Data Classes and Queries¶
All data which is to be stored within a StorageBackend
must inherit from the BaseStoredData
class. More broadly
there are typically two types of data which are expected to be stored:
HashableStoredData
- data which is readily hashable and can be quickly queried for in a storage backend. The prime examples of such data areForceFieldData
, whose hash can be easily computed from the file representation of a force field.ReplaceableData
- data which should be replaced in a storage backend when new data of the same type, but which has a higher information content, is stored in the backend. An example of this is when storing a piece ofStoredSimulationData
in the backend which was generated for a particularSubstance
and at the sameThermodynamicState
as an existing piece of data, but which stores many more uncorrelated configurations.
Every data class must be paired with a corresponding data query class which inherits from the BaseDataQuery
class. In addition, each data object must implement a to_storage_query()
function which returns the data query
which would uniquely match that data object. The to_storage_query()
is used heavily by storage backends when checking
if a piece of data already exists within the backend.
Force Field Data¶
The ForceFieldData
class is used to ForceFieldSource
objects within the storage backend. It is a hashable
storage object which allows for rapidly checking whether any calculations have been previously been performed for
a particular force field source.
It has a corresponding ForceFieldQuery
class which can be used to query for particular force field sources within
a storage backend.
Cached Simulation Data¶
Classes derived from the BaseSimulationData
class are used to store the data generated by molecular simulation.

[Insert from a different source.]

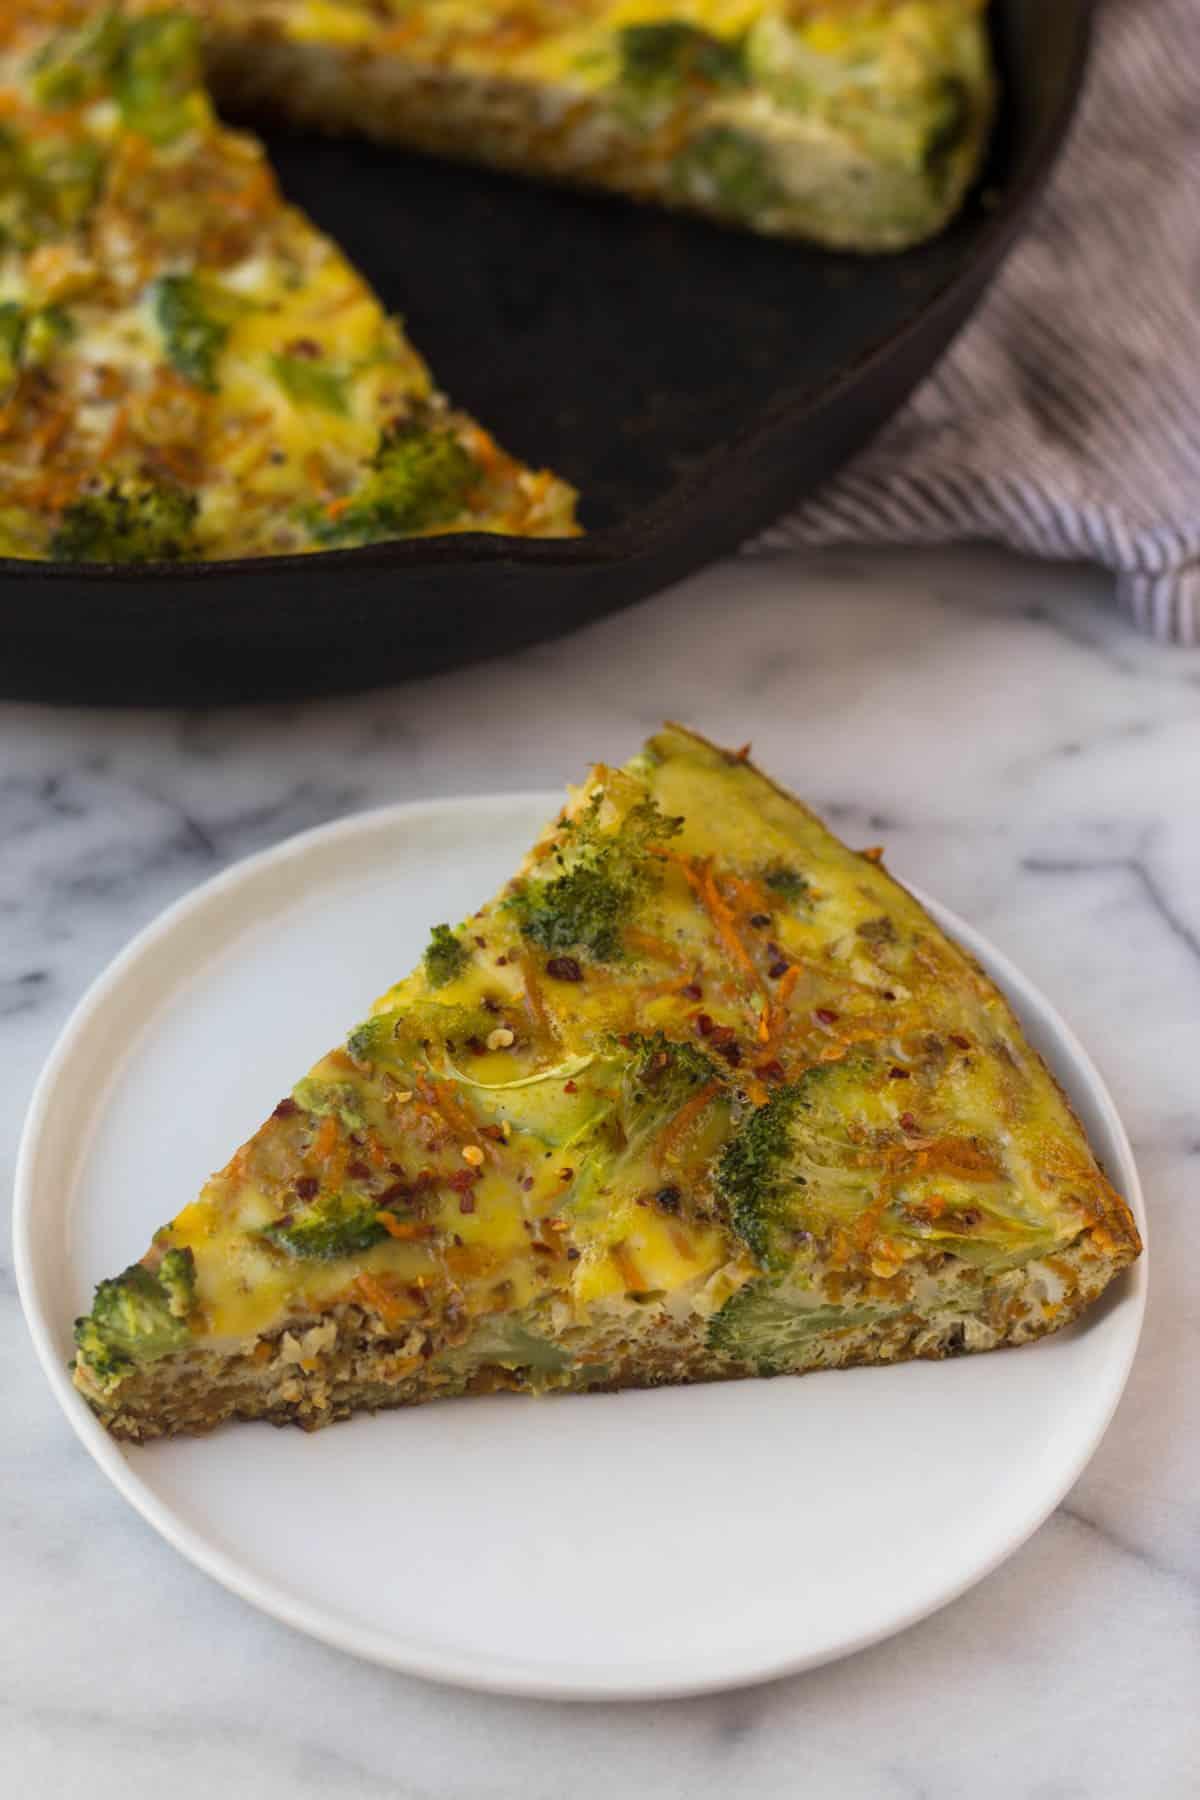 Sweet Potato Broccoli Frittata - Eat the Gains

The
data object primarily records the Substance
, PropertyPhase
and ThermodynamicState
that the simulation was run
at, as well as provenance about the calculation and the force field parameters used (as the key of the force field in
the storage system).
It has a corresponding BaseSimulationDataQuery
class which can be used to query for simulation data which matches
a set of particular criteria within a storage backend, which in part includes querying for data collected:
at a given
thermodynamic_state
(i.e temperature and pressure).for a given
property_phase
(e.g. gas, liquid, liquid+gas coexisting, …).using a given set of force field parameters identified by their unique
force_field_id
assigned by the storage system
Additionally included is not only the ability to find data generated for a particular substance
(e.g. only data for
methanol), but also the ability to return data for each component of a given substance by setting the
substance_query
attribute to a SubstanceQuery
which has the components_only
attribute set to true:
# Load an existing storage backend
storage_backend = LocalFileStorage()
# Define a system of 50% water and 50% methanol.
full_substance = Substance.from_components("O", "CO")
# Look for all simulation data generated for the full substance
data_query = SimulationDataQuery()
data_query.substance = full_substance
data_query.property_phase = PropertyPhase.Liquid
full_substance_data = storage_backend.query(data_query)
# Now look for all of the pure data which has been stored for both pure
# water and pure methanol.
pure_substance_query = SubstanceQuery()
pure_substance_query.components_only = True
data_query.substance_query = pure_substance_query
component_data = storage_backend.query(data_query)
This is particularly useful for when retrieving data for use in the calculation of excess properties (such as the enthalpy of mixing), where such calculations require information about both the full mixture as well as the pure components.
Single Simulation Data¶
The StoredSimulationData
class is used to store data generated by a single molecular simulation and can be
queried for using its accompanying SimulationDataQuery
query class. In addition to the data stored by the parent
BaseSimulationData
class, this class further stores:
the number of molecules which were simulated.
the topology of the simulated system (stored as ancillary data).
and trajectory of configurations (stored as ancillary data) and observables generated by the simulation.
the statistic inefficiency of the data.
Data of this kind is considered replaceable, whereby data which has the lowest statistical efficiency is preferred. The philosophy here is that we should store the maximum amount of samples (i.e the maximum number of uncorrelated samples for the property which has the shortest correlation time) which will be useful for future calculations, such that future calaculations can simply discard the data which cannot be used (i.e. is likely correlated).
Free Energy Data¶
The StoredFreeEnergyData
class is used to store data generated by a free energy calculation which computes the
free energy difference between an end and start state. It can be queried for using its accompanying
FreeEnergyDataQuery
query class.
In addition to the data stored by the parent BaseSimulationData
class, this class further stores:
the free energy difference between the end and starting state.
the topology of the system (stored as ancillary data).
and trajectory of configurations generated in the starting and end states (stored as ancillary data).
Although data of this kind inherits from the ReplaceableData
base class, all data deposited in a storage backend will
be retained. At this time no situation can be envisaged that the same free energy data from exactly the same calculation
will be stored, with the exception of operator errors.